Orang Asli and freedom of religion

Gregory Das

Modified 6 Jul 2019, 1:14 am

LETTER | Recently, on June 21, the Kelantan Islamic Religious and Malay Customs Council (Maik) was said to have published a report that disclosed its aim to convert all the Orang Asli in the state to Islam by 2049.

The report was met with criticism from various quarters that cited the apparent violation of the rights to freedom of religion of the Orang Asli that would result from the proposed plans of Maik.

Subsequently, the Maik deputy president clarified the matter by stating, amongst others, that it has never forced anyone to embrace Islam and that “the missionary work conducted by Maik for the Orang Asli community was merely to expose them to Islam."

It is worth noting, against the backdrop of this issue, that the Orang Asli hold a “special position” in our constitutional framework which provides for the enactment of special laws for their protection. 

By Article 8(5)(c) of the Federal Constitution, such an enactment which singles out the Orang Asli for special treatment would still be considered a valid law, although discriminating in favour of one community. 

In consequence, the courts have interpreted Article 8(5)(c) to expressly require the state to “protect the welfare of the aborigines…and not to act in a manner inconsistent with those rights…” (Sagong Tasi v Selangor government [2002] 2 MLJ 591)

Among the rights of the Orang Asli that warrant protection is the right of choice and freedom of religion. This right is safeguarded by Article 11(1) of the Federal Constitution, which provides for one’s “right to profess and practise his religion and, subject to Clause (4), to propagate it”.

In a case in 2014, emanating from Kelantan itself, the Court of Appeal recognised the rights of the Orang Asli to freely choose and practice a religion of their choice in the following terms:

“The further finding… that building a church is not within the rights and culture of Orang Asli because to follow the Christian religion is a new practice and not within that of their ancestors warrants much caution. 

"Because the ancestors were also not of any religion, would it seriously be intended that an Orang Asli would lose his status as an orang asli if he joins any religion at all, not just Christianity? 

"That would condemn the orang asli to be cultural specimens petrified or frozen into the times of their ancestors. That would be contrary to the efforts to help the Orang Asli evolve and improve their conditions ( Selangor government & others v Sagong Tasi & others).

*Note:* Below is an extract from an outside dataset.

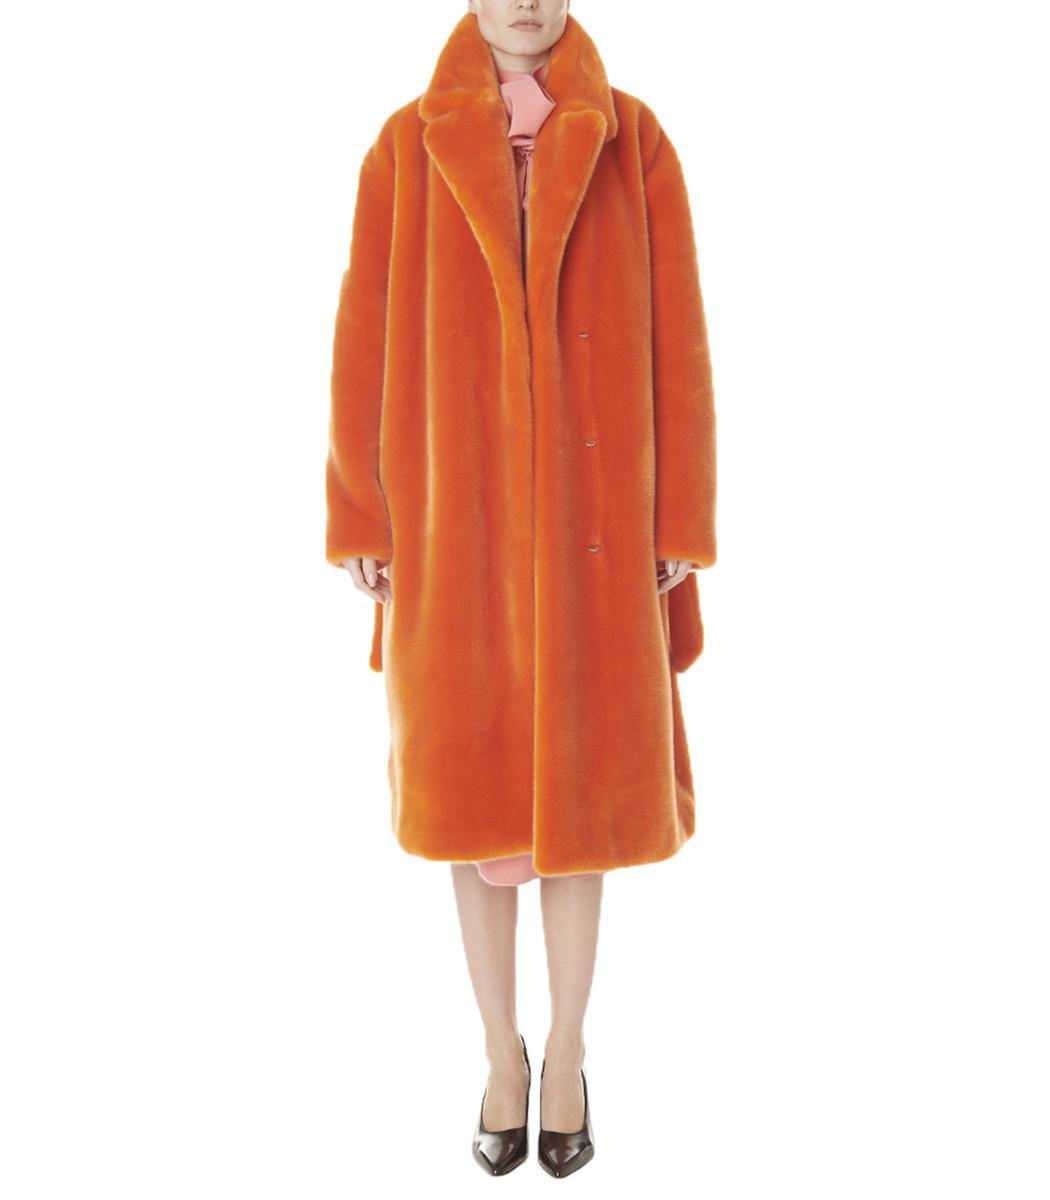 345dac38d7fd Lyst - Tibi Luxe Faux Fur Oversized Coat in Orange
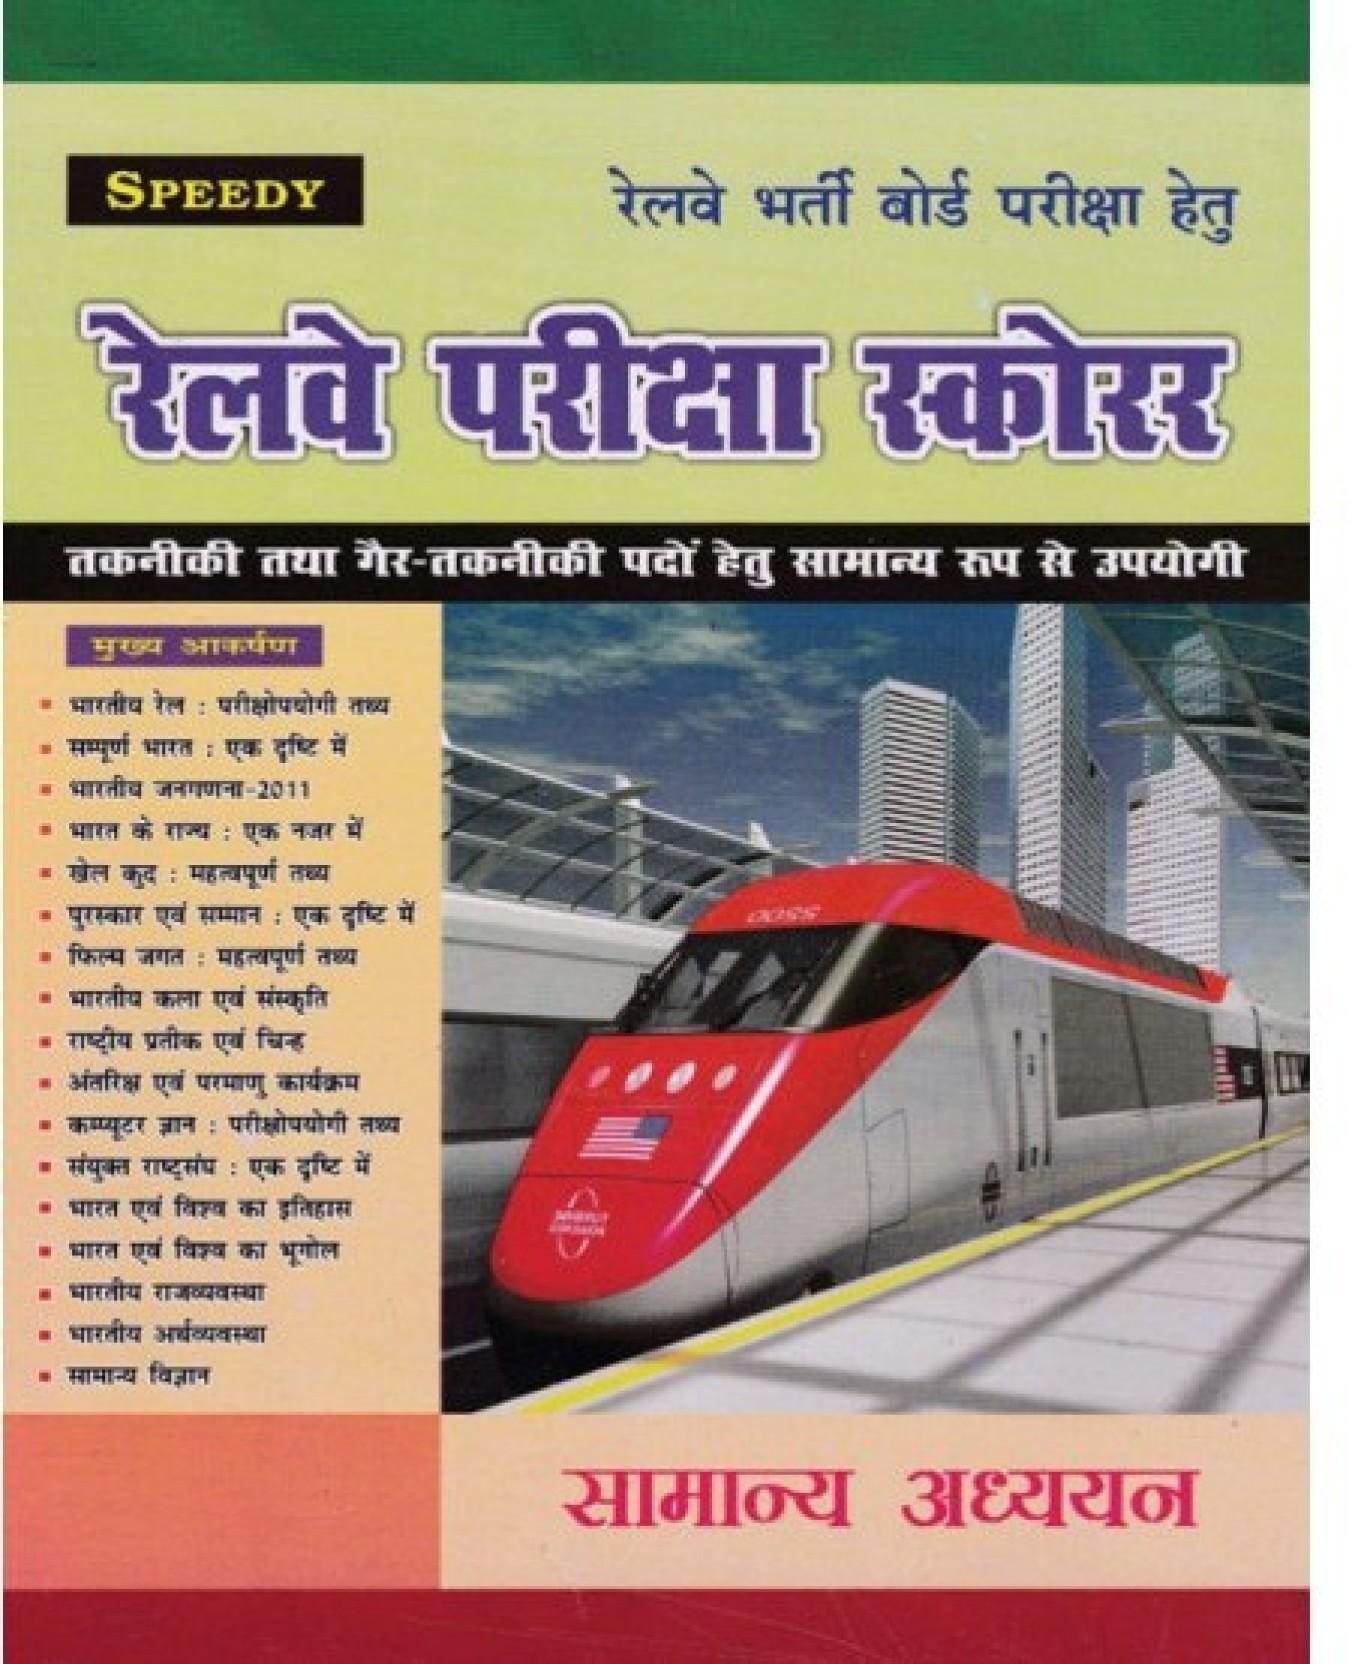 Speedy Railway Pariksha Scorrer Samanya Adhyayan. ADD TO CART

The court correctly invoked Section 3(d) of the Aboriginal Peoples Act 1954 which specifically provides:

“Any aborigine who by reason of conversion to any religion or for any other reason ceases to adhere to aboriginal beliefs but who continues to follow an aboriginal way of life and aboriginal customs or speaks an aboriginal language shall not be deemed to have ceased to be an aborigine by reason only of practising that religion.”

In concluding, the Court of Appeal reiterated as if by way of a reminder that:

“It must be borne in mind that rights, once recognised, cannot be taken away. To our minds, Orang Asli are as entitled as any other citizen to the protection of their rights under the Federal Constitution. 

"On the question of rights, the law must tread softly so that the pursuit of one party's rights does not end up stepping upon another party's rights, for the parties are each equally entitled to their rights...” (Gua Musang District Council governor v Pedik Busu [2014] 3 CLJ 847)

In respect of aboriginal peoples everywhere, it has been repeatedly recognised by the common law courts that the state owes a fiduciary duty towards the protection of their culture and rights.

Accordingly, it behoves the state to ensure that the rights of the Orang Asli to freely practice and profess a religion of their choosing are not interfered with. 

Maik's subsequent clarification that it has not compelled the Orang Asli in Kelantan to embrace Islam would accord with their constitutional obligation to recognise the freedom of choice of religion of the Orang Asli. 

Anything less or inconsistent with the constitutional mandate under Article 8(5)(c) and Article 11 would be violative of the Federal Constitution.

GREGORY DAS is an advocate and solicitor of the High Court of Malaya.

The views expressed here are those of the author/contributor and do not necessarily represent the views of Malaysiakini.